Baldwins and Von Morris usually don't have that problem, but when the budget is tight...


----------



## Sam60 (Apr 29, 2006)

I don’t see how loctite would help. I have also wished I could find something better. The problem is that it does not take much movement of the door to cause a problem. Any movement of the house can cause the door to move a hair. Does not take much for the ball catch to be too tight or loose if used on the top of the door.


----------



## CrpntrFrk (Oct 25, 2008)

The other day a customer had me fix a ball catch. She said when she opened the door the ball came out and hit her in the head.


----------



## tenon0774 (Feb 7, 2013)

CrpntrFrk said:


> The other day a customer had me fix a ball catch.
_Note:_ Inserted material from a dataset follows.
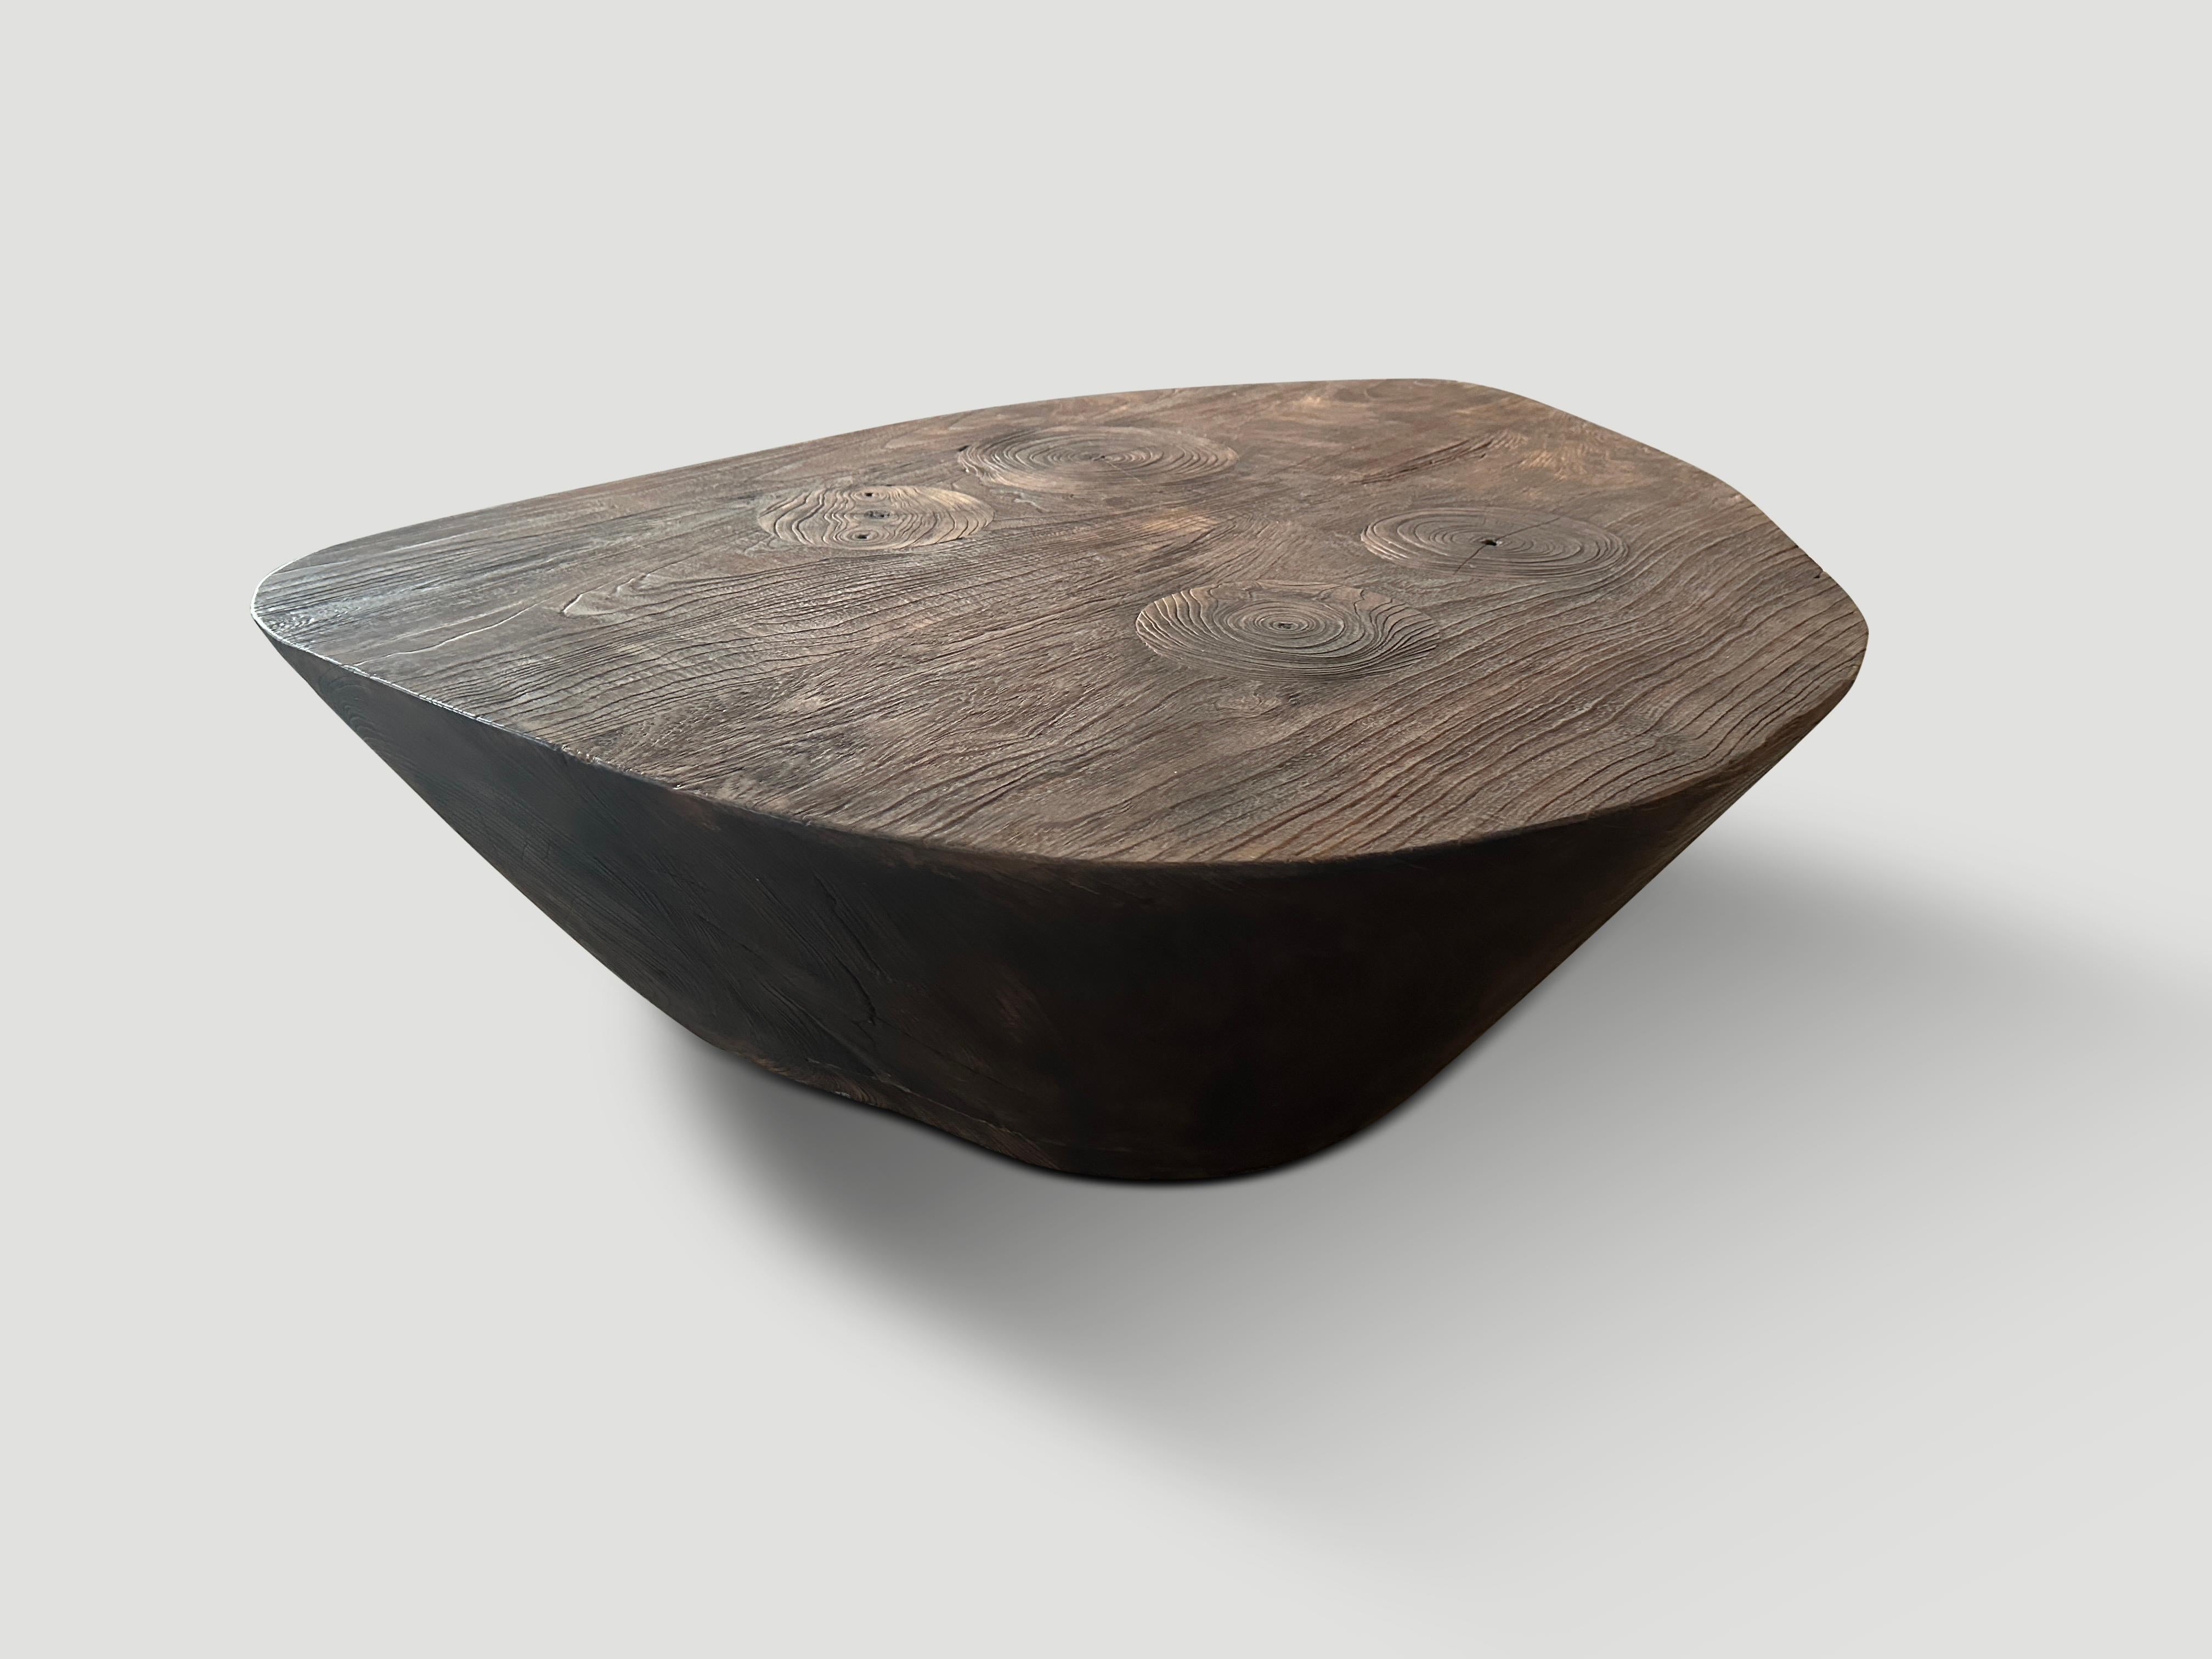 Beautiful reclaimed teak wood minimalist coffee table. Charred one time revealing the unique wood grain. Hand carved with a dramatic graduation from the bottom to the top. Both sculptural and usable. It’s all in the details. 

The Triple Burnt

She said when she opened the door the ball came out and hit her in the head.


Did it hit the ceiling first?

Usually those things are spring loaded.


----------



## CrpntrFrk (Oct 25, 2008)

tenon0774 said:


> Did it hit the ceiling first?
> 
> Usually those things are spring loaded.


Yes. I know cause I got it to do it to me...


----------



## tenon0774 (Feb 7, 2013)

CrpntrFrk said:


> Yes. I know cause I got it to do it to me...


:laughing::laughing::laughing:

I wish I could have seen that

:laughing:


----------



## Clarke Carpentry (Apr 22, 2011)

tenon0774 said:


> Baldwins and Von Morris usually don't have that problem, but when the budget is tight...


How much is a Van Morris ball catch? $60? :laughing:


----------



## tenon0774 (Feb 7, 2013)

Clarke Carpentry said:


> How much is a Van Morris ball catch? $60? :laughing:


You're gonna make me go back through my records, huh...

Okay.

about $20 a pop.

OP, was asking for an alternative to cheap stamped Chinese crap that all the hardware stores and chit houses sell, so...

Sell the HO on the quality hardware, or get out the blue dope.:thumbsup:


----------



## Clarke Carpentry (Apr 22, 2011)

tenon0774 said:


> You're gonna make me go back through my records, huh...
> 
> Okay.
> 
> ...


That's not too bad. Van Morris is lovely stuff. The action of the hinges makes it hard to put them down.


----------



## tenon0774 (Feb 7, 2013)

Clarke Carpentry said:


> That's not too bad. Van Morris is lovely stuff. The action of the hinges makes it hard to put them down.


Cast hinges are the way to go for fancy hardwood doors.

The tolerances are way tighter than the stamped stuff that comes with the pre-hung doors nowadays. 

Makes them a little tricky to install new doors in an existing jamb, but it can be done. (Doctorate level door hanging.)


----------



## B.Scott (Feb 1, 2013)

Anyone use those roller catches? Maybe they stay put more reliably.


----------



## Eaglei (Aug 1, 2012)

Rockler has some decent ball catches , made in USA and very affordable .


----------